# Back To The Beginning Again



## Dan Anderson (Apr 17, 2003)

Hi All,
I had the priviledge this last weekend of beginning my training in Balintawak Eskrima with Manong Ted Buot.  It is hard to go into with very much detail my initial training sessions except for that it is very different from my training with Remy Presas and that Manong Ted also epitomizes the viewpoint of _your are there already._  It was an exhilarating series of lessons which left me with A LOT of work to do.  

Thanks to Jaye Spiro for the introduction and to Jaye and Rich Parsons for helping me in between lessons so that I could absorb as much as possible before I went back home.  Good stuff, folks.

Yours,
Dan Anderson


----------



## Rich Parsons (Apr 17, 2003)

> _Originally posted by Dan Anderson _
> *Hi All,
> I had the priviledge this last weekend of beginning my training in Balintawak Eskrima with Manong Ted Buot.  It is hard to go into with very much detail my initial training sessions except for that it is very different from my training with Remy Presas and that Manong Ted also epitomizes the viewpoint of your are there already.  It was an exhilarating series of lessons which left me with A LOT of work to do.
> 
> ...



Dan,

How did the rest of the classes go?

I am glad yo enjoyed your training. 

Will look forward to training with you and others in the near future


----------



## Dan Anderson (Apr 18, 2003)

Rich,
They went very well.  We went over several sequences, _what ifs_.  One I titled the _deteriorating timing_ sequence.  You probably know the concept, if you are a little bit late you can do this, if you are later you can do this...and so on.  I'll send you my notes so that you can go over them and tell me where I went off the rails.

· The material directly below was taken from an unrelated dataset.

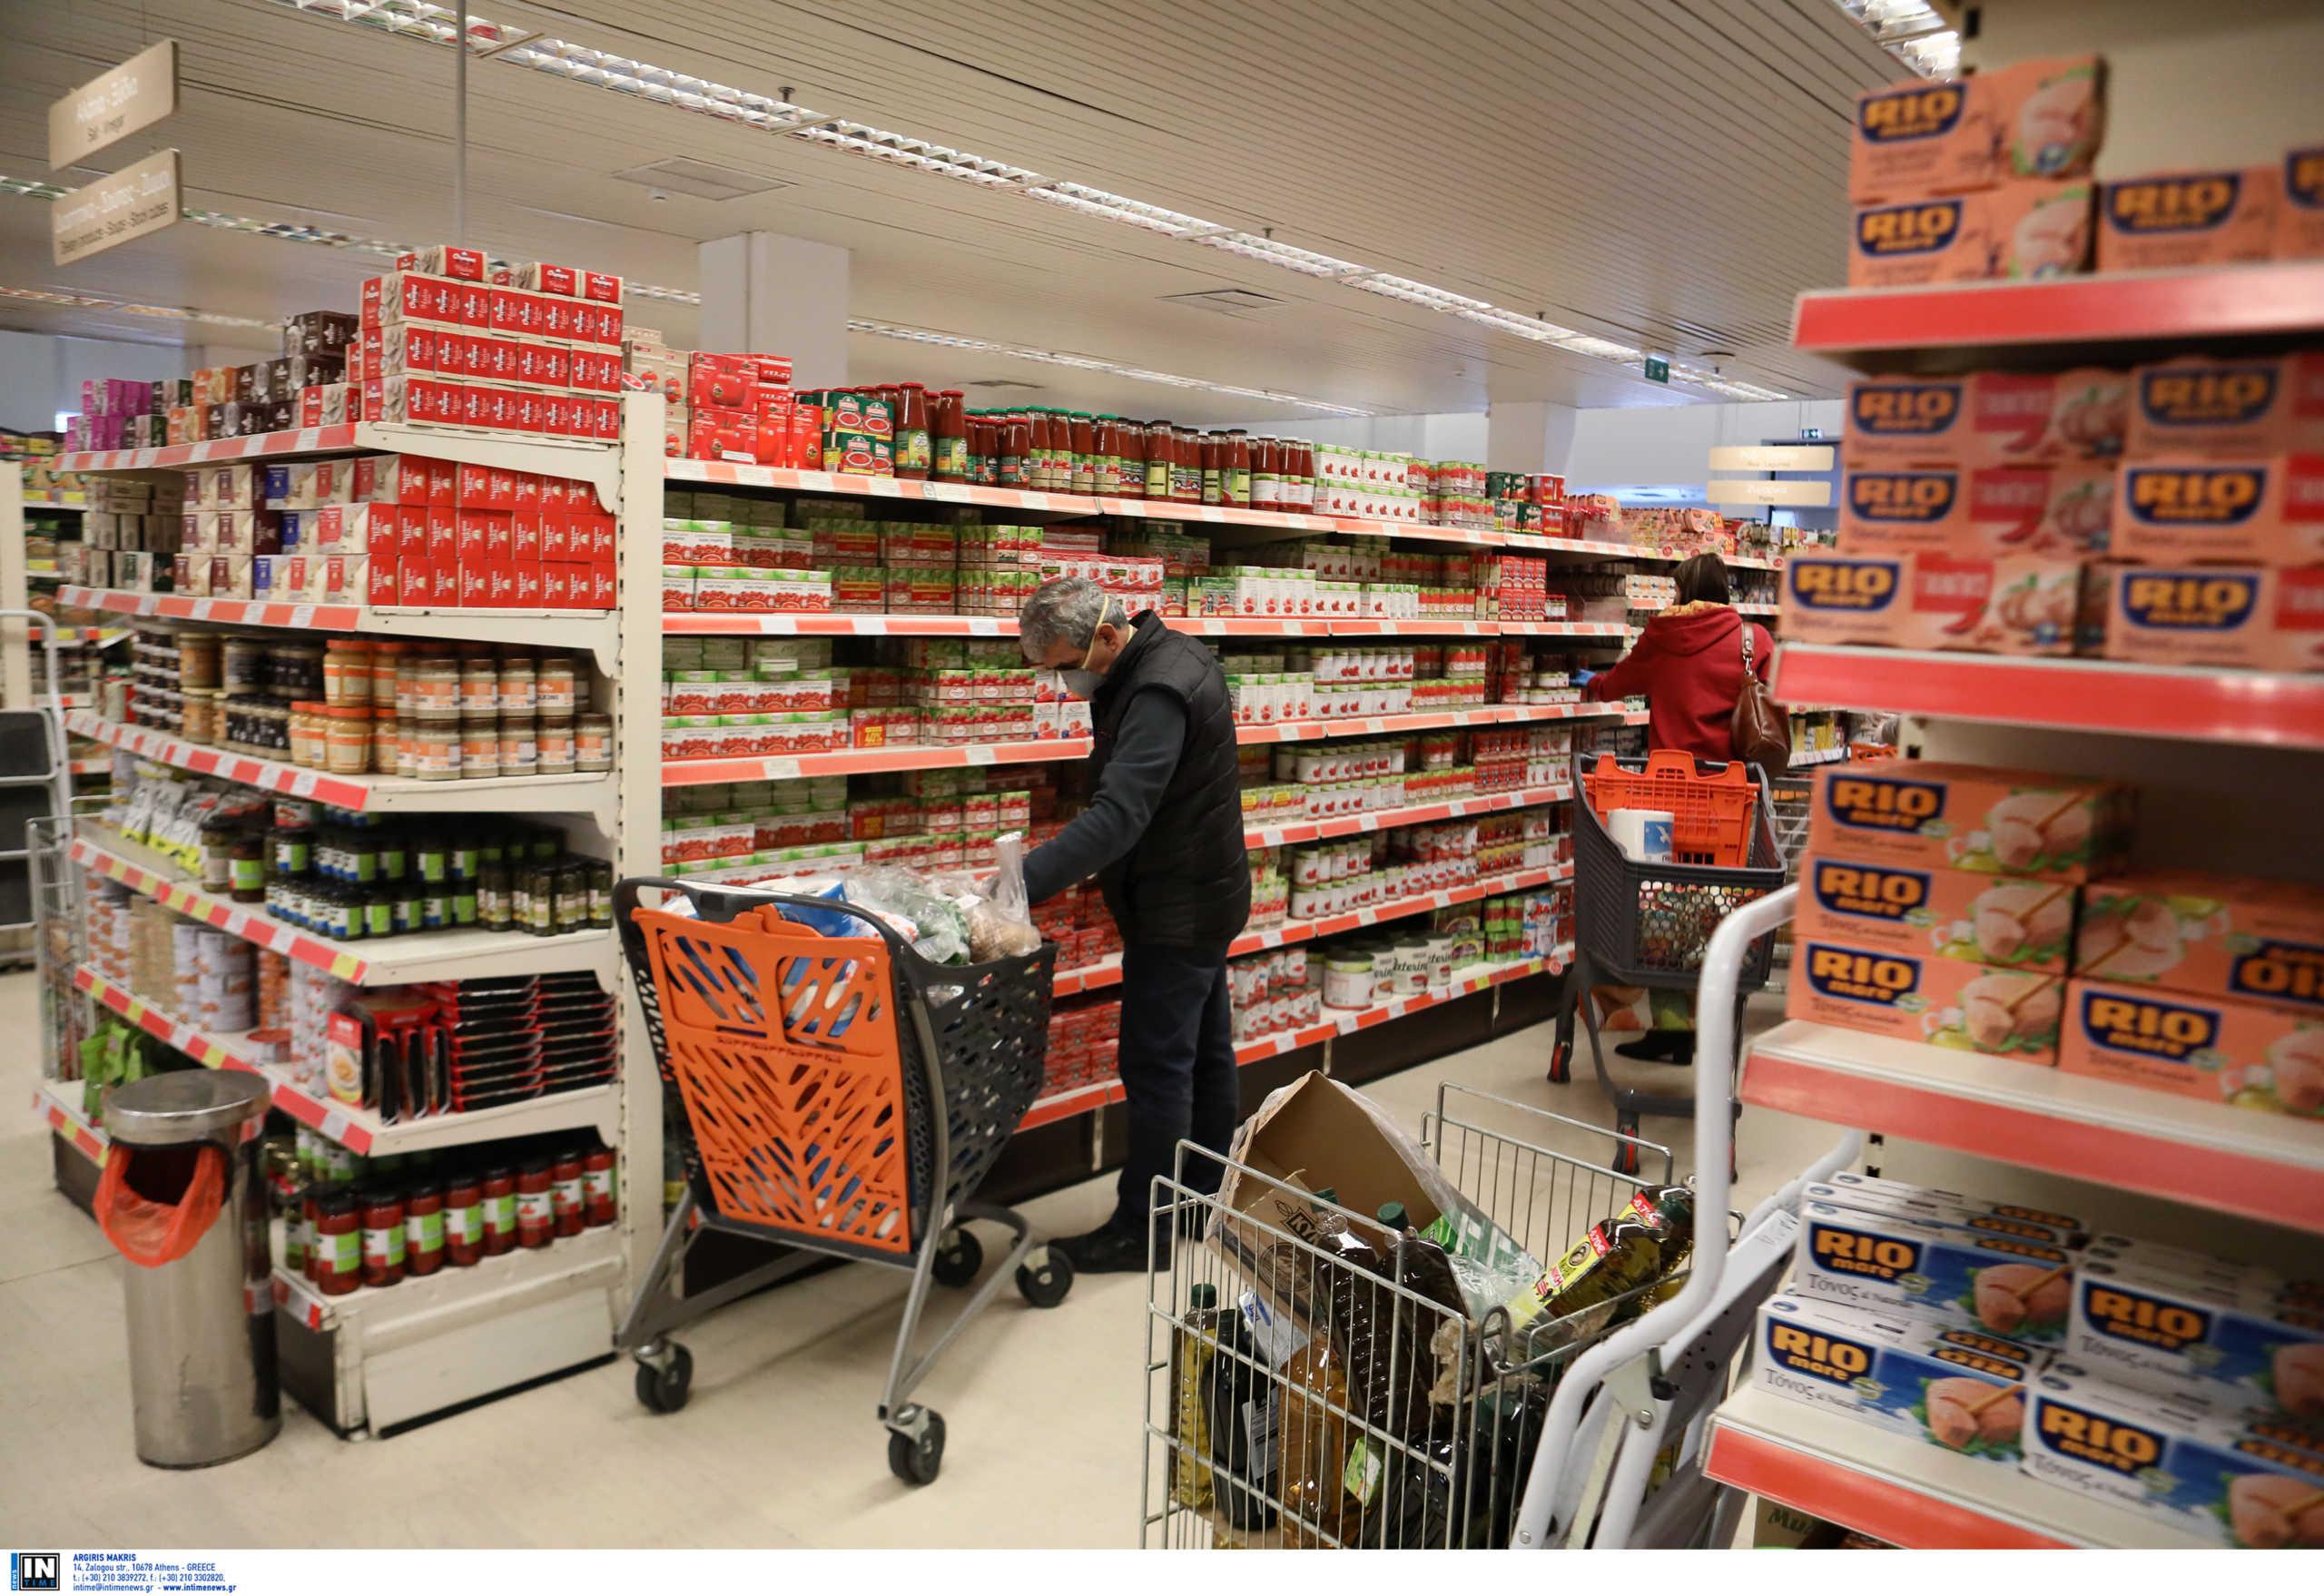 ΕΦΕΤ: Οδηγίες για ασφαλή χειρισμό τροφίμων στο σπίτι – Πώς θα αποφύγουμε τις δηλητηριάσεις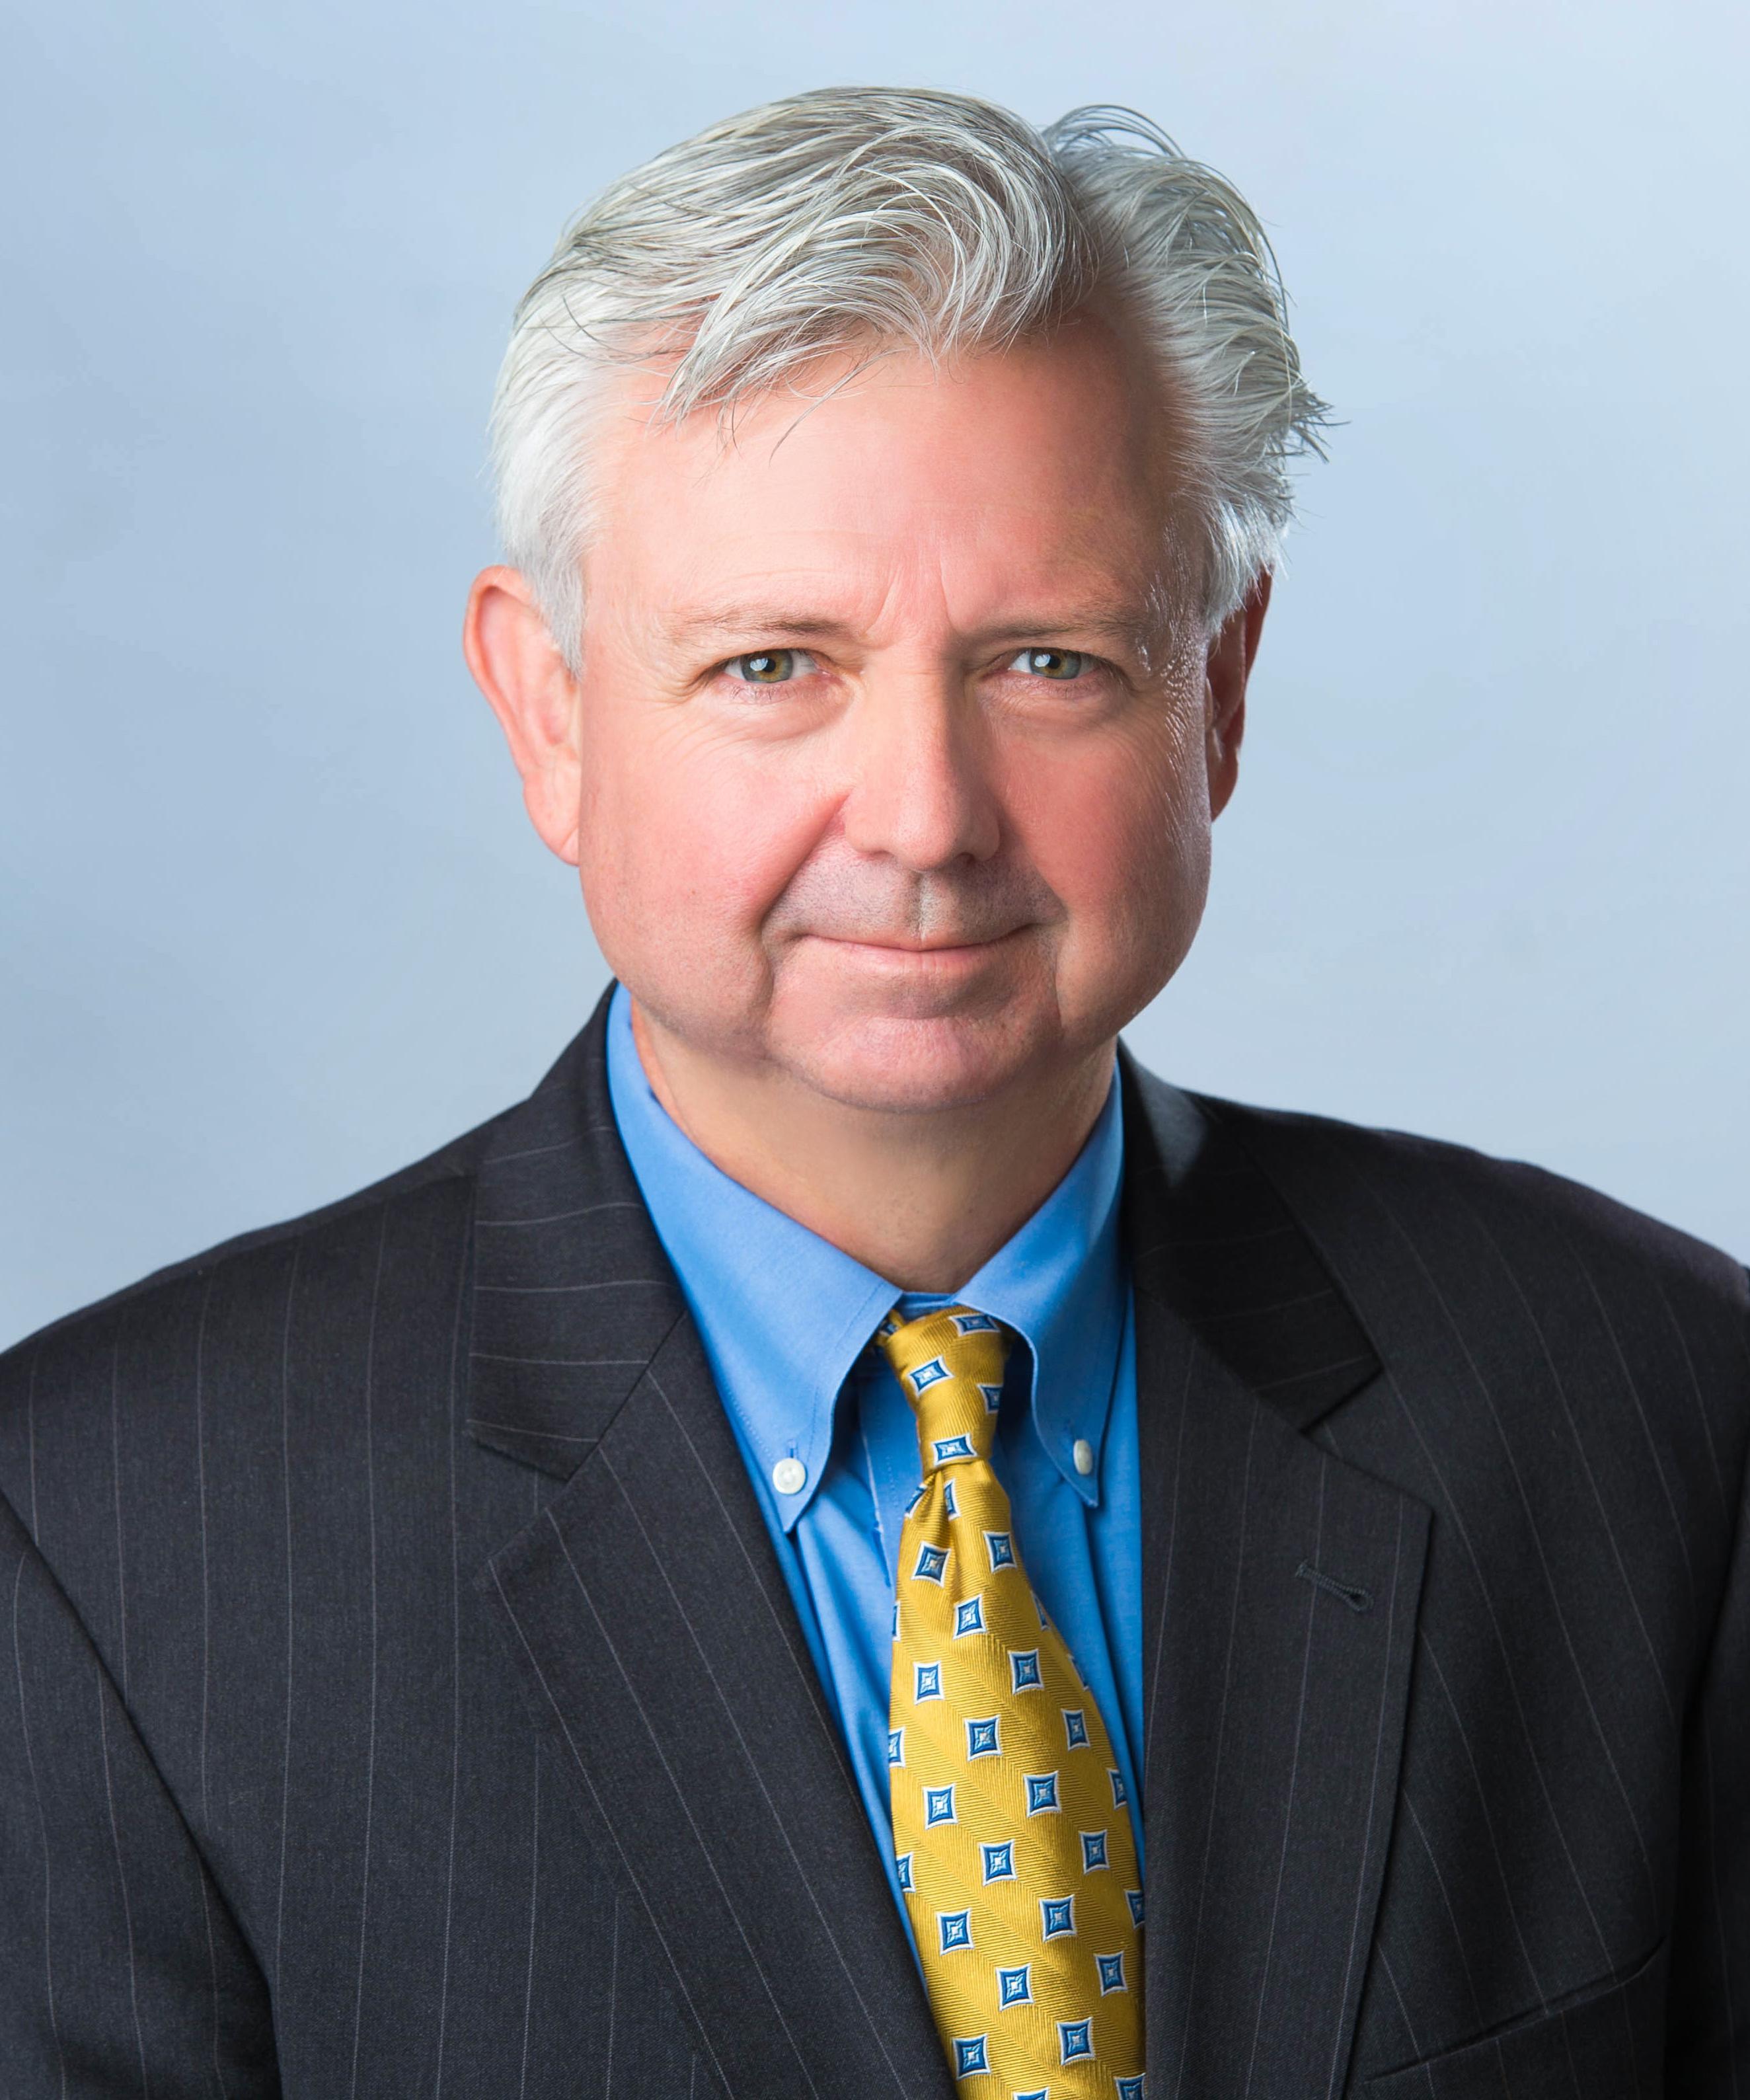 Neil Dombrowski

One thing I noticed.  When I returned for my second lesson (I began by taking three 2-hour lessons), he greeted me more warmly than before.  His manners are impeccable and he always greeted me with a smile but this was different.  Also what is cool is that I am now _on the wall._  What an honor.

All for now.

Yours,
Dan


----------



## Rich Parsons (Apr 18, 2003)

> _Originally posted by Dan Anderson _
> *Rich,
> They went very well.  We went over several sequences, what ifs.  One I titled the deteriorating timing sequence.  You probably know the concept, if you are a little bit late you can do this, if you are later you can do this...and so on.  I'll send you my notes so that you can go over them and tell me where I went off the rails.
> 
> ...



Manong Ted Buot is always happy to see his students. He truly enjoys the art and the teaching. Welcome to the family.

I'll see you soon, and we can chat more and review for both of us.


----------



## Dan Anderson (Apr 18, 2003)

Glad to be part of the family.
Yours,
Dan


----------